Saturday, October 9, 2010

Sociological subway strife

The following is a perfect example of why I decided to stay here in South Korea for a second year.

In this video, which has gone viral here, an older woman basically beats the shit out a middle school girl on the subway after the girl apparently brushes the woman's pants with her foot while crossing her legs on the subway.

You might think: you are seriously depraved, if something as horrible as assault keeps you in Korea. But. That's not what I mean. Let me explain.

(Unrelated: this is on the Green Line (No. 2), which I take pretty much everyday. HOLLA (?))



The partial translation, as provided by Gusts of Popular Feeling:
Grandmother: "I'm an old person? Rude? What?"
Girl: "What do you want from me?"
Grandmother: "Right, I was born in 1934. Why? [Pushes the girl] I was born in 1934. [Push] Why? [Pulls the girls hair, drags her around]"
Girl: [Gets her phone back, crying] "Dad, I really hate Korea!
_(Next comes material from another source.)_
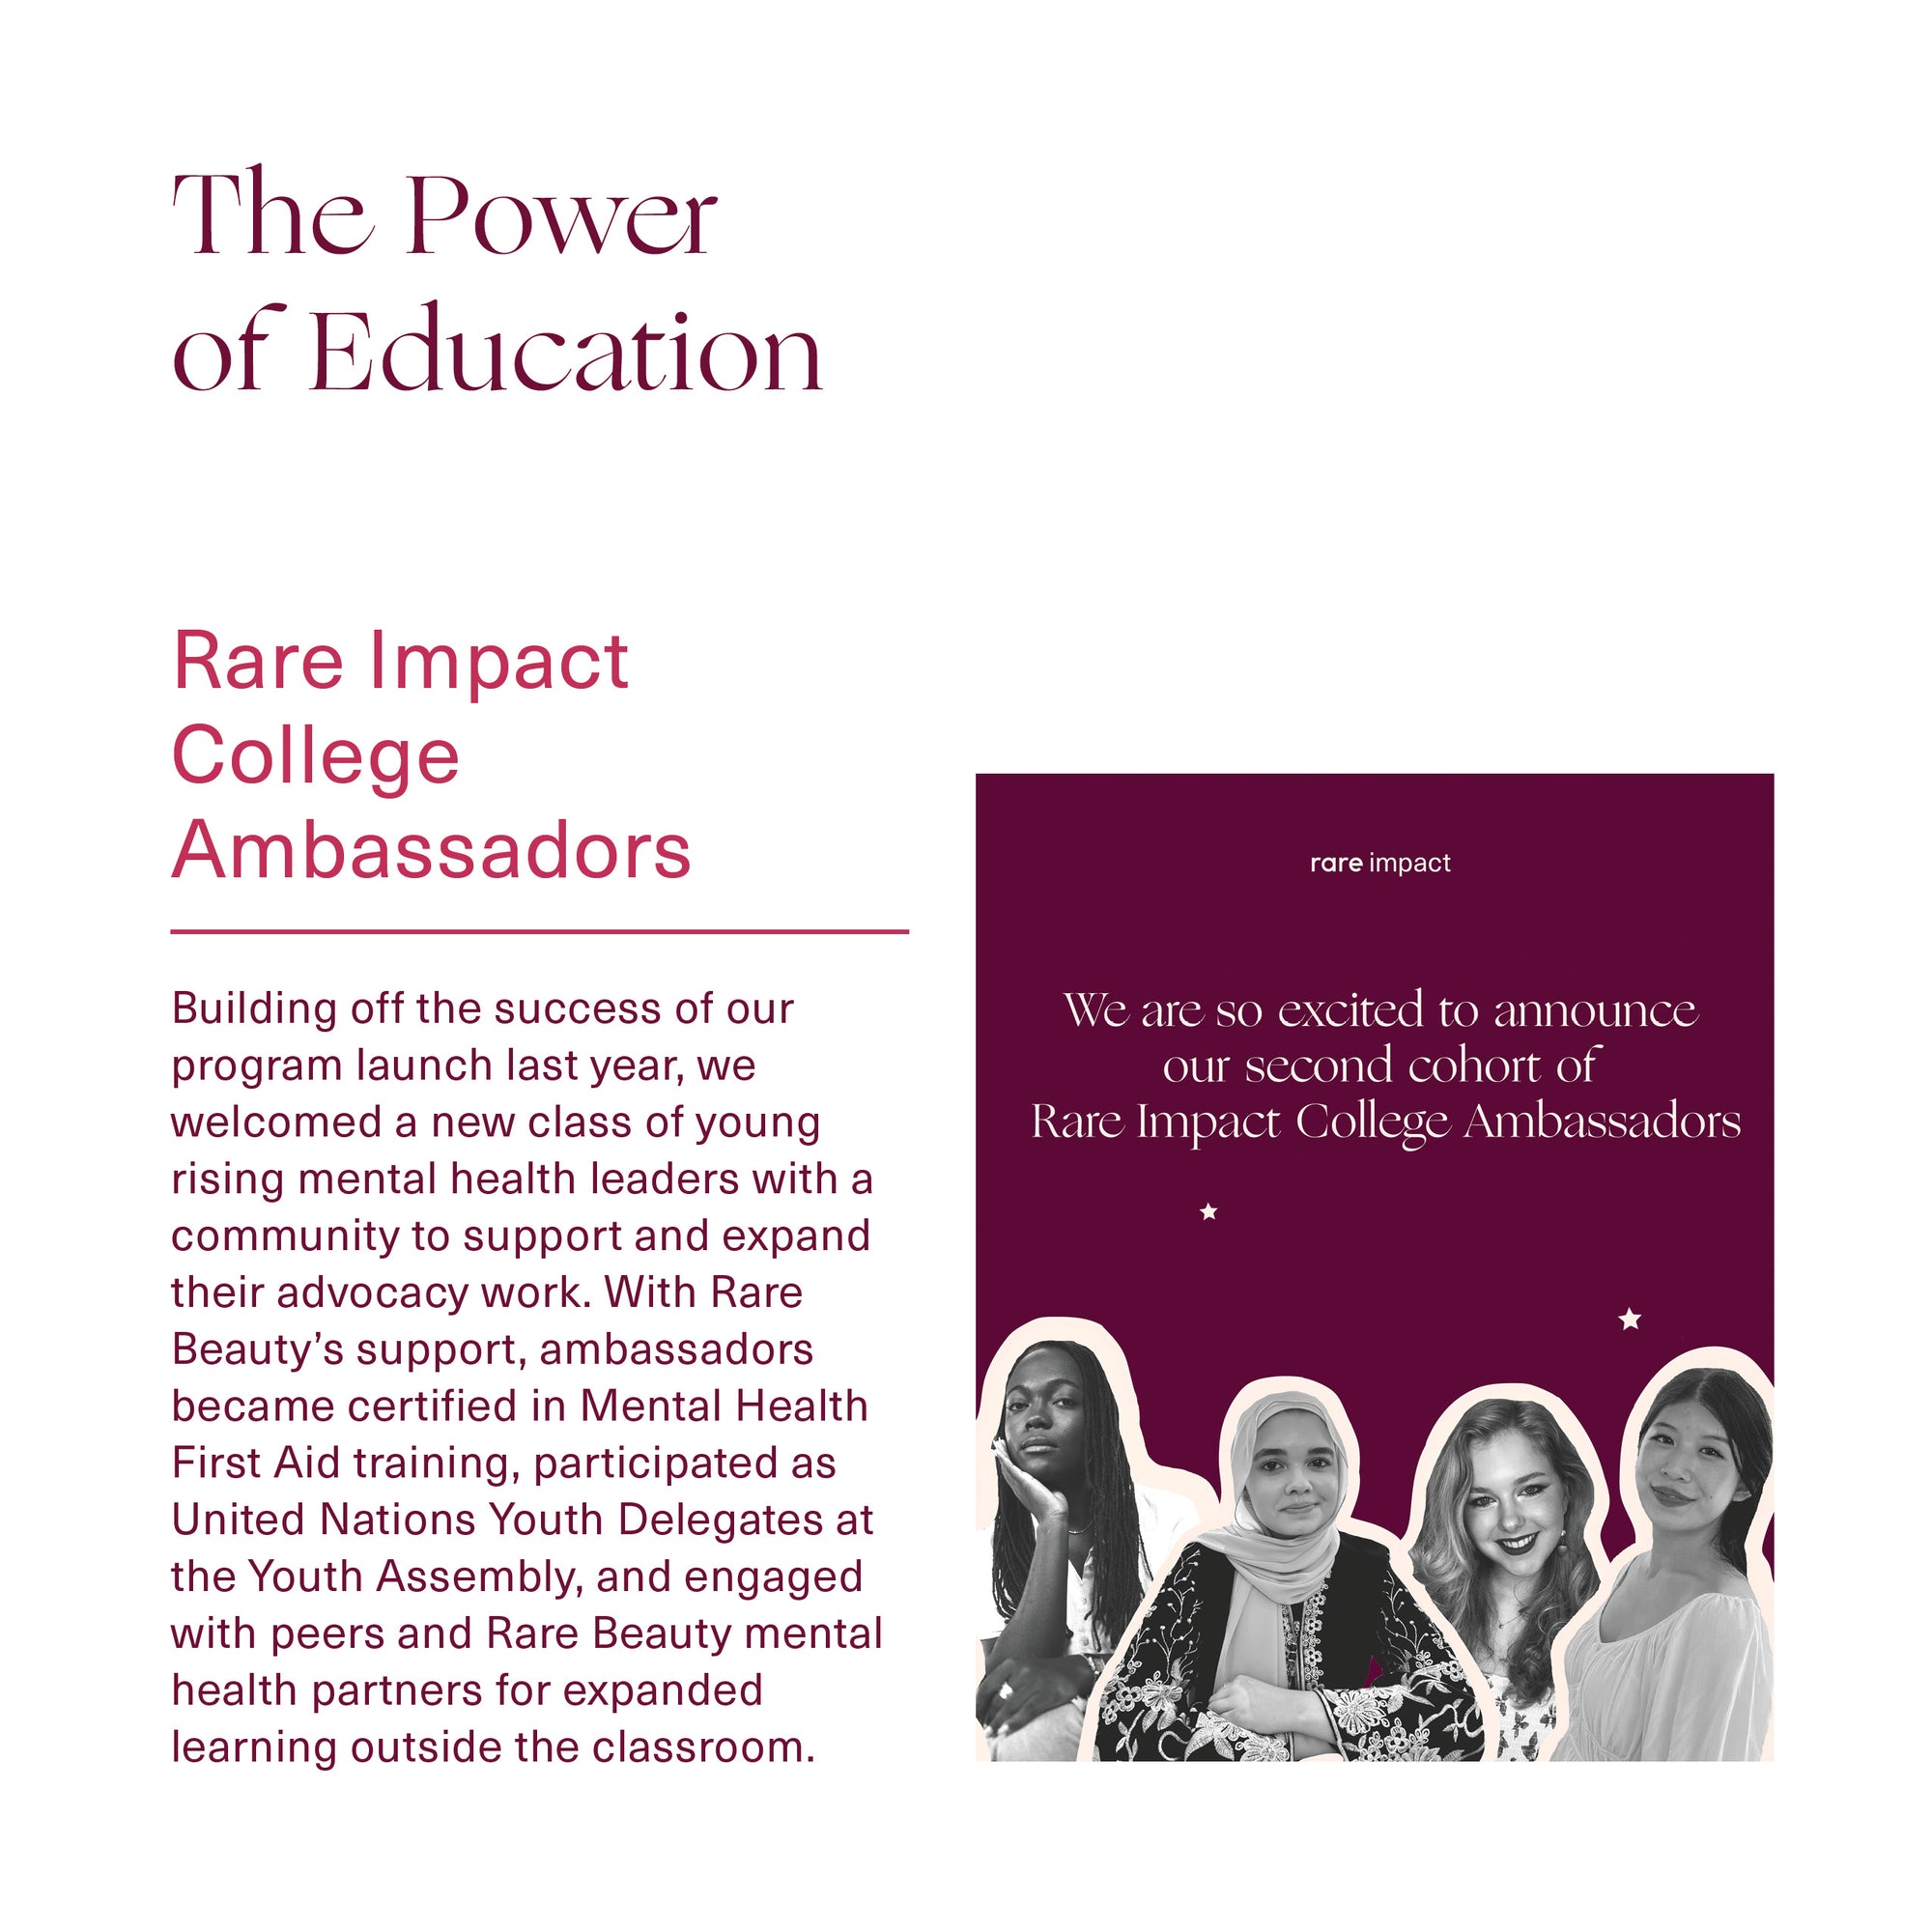 The Power of Education - Rare Impact College ambassadors

I really hate Korea! I really hate Korea."
The last thing the girl screams, after noticing the person videoing the proceedings, is, "Put it on Youtube!"


A lot of the foreign blogging community here--especially The Metropolitician, who is one of my new favorites--has jumped to the defense of the girl, who ALLEGEDLY apologized twice to the older woman, who continued to verbally berate her even after the girl apologized. But ALLEGEDLY the girl isn't completely innocent, either: rather than simply stay quiet and take the abuse of this older lady (apparently right before the video starts), the younger girl used banmal--or casual Korean--with this older woman, essentially the equivalent of flipping this woman off. This is extremely offensive to older Koreans, many of whom have sided firmly with the older woman.
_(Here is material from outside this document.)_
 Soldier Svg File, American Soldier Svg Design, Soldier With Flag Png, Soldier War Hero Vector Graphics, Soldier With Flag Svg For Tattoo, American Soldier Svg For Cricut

There's so much conflict going on here! Traditionally, Korea has always been a very Confucian society, where younger people pour drinks for elders and you address your boss more formally than you address your colleagues at work. But. Things are changing a bit--younger people are so much more Westernized (perfect example: This girl screaming, "Dad, I hate Korea"), and have been taught to value things like youth/independence/sass, i.e., not entirely Confucian values.
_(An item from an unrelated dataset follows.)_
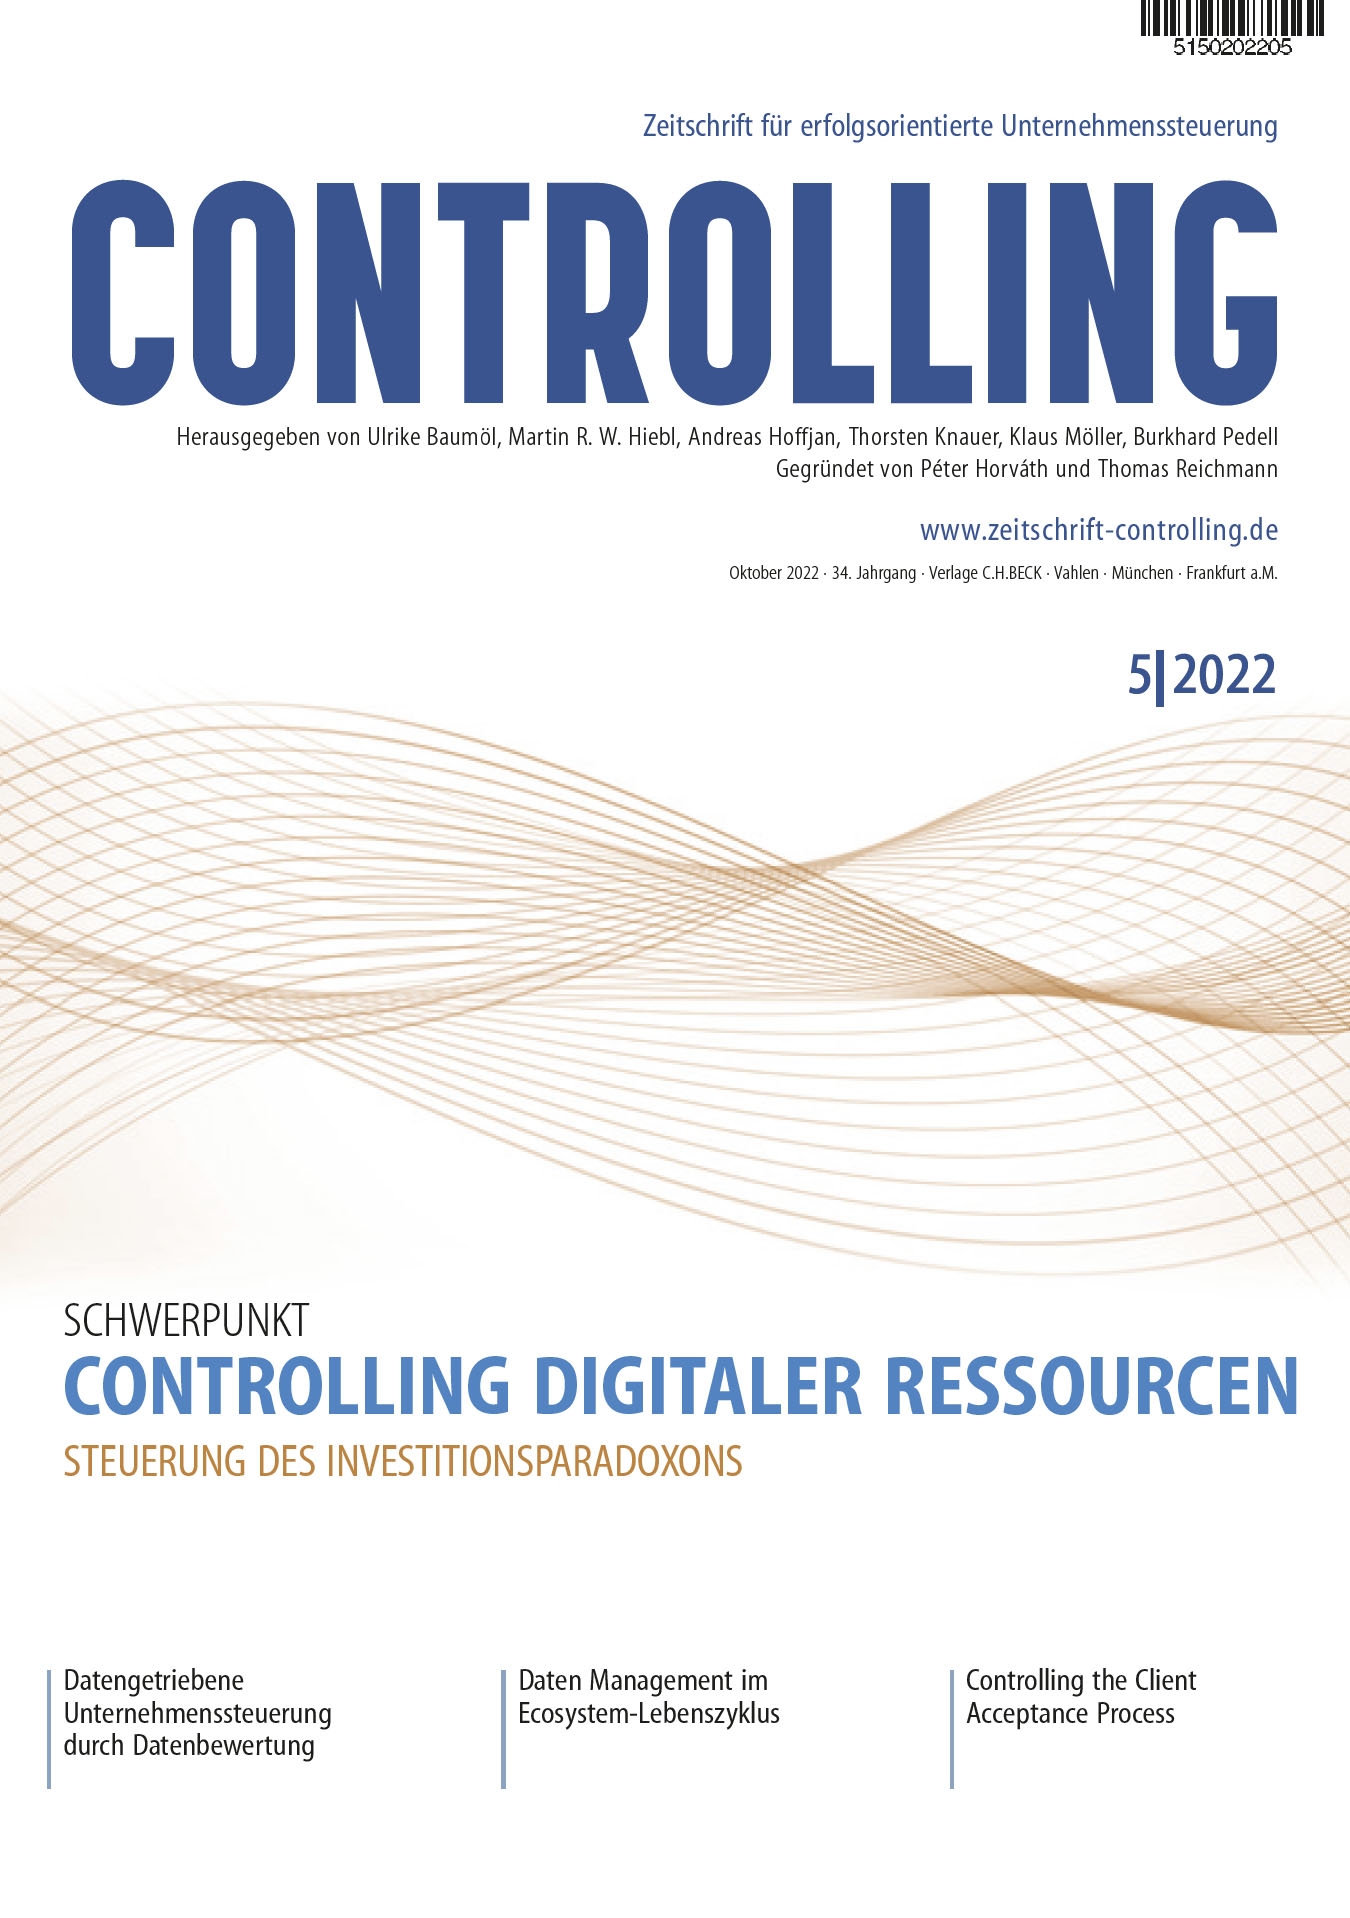 Control5ing 5_2022_Controlling digitaler Ressourcen

The arrogant, sassy teenaged youth within me desperately wants to side with this girl. But. The liberal, anti-globalization hippie woman within me wants Korea to remain a place where old people don't get thrown into nursing homes like they do back home. Sociology here is the complete opposite of everything that I know, and even though I might not agree with 100% of Korean mores and everything I see/observe that is different, I feel like I'm participating in a living social experiment here, and EXPANDING MY MIND AND STUFF. Which is (one of the reasons) why I love living here.

MORE OBVIOUSLY: I think assault of any kind is TERRIBLE, my own interest in the cultural implications of this incident aside. I think it is a shame none of the bystanders did anything (besides film and publish this video), and would like to think that if I had been there while this was happening, I would have said something/attempted to help...

1 comment:

  1. According to some reports, many Korean companies use mandatory retirement and age-based hiring criteria to keep their workforces youthful, good-looking, and lower-paid. For a discussion:

    http://books.google.com/books?id=4o4PJUje87kC

    Did you, for example, have to submit a full-body photo with your job application to show that you were good-looking enough to work for your present employer?

    So, assuming the reports cited above are accurate, I'm not sure how much respect for the old Korean society can truly boast of, if most workers (other than the well-off and well-connected) in their later 50s are kicked out of their jobs to live their remaining years doing menial work for low wages.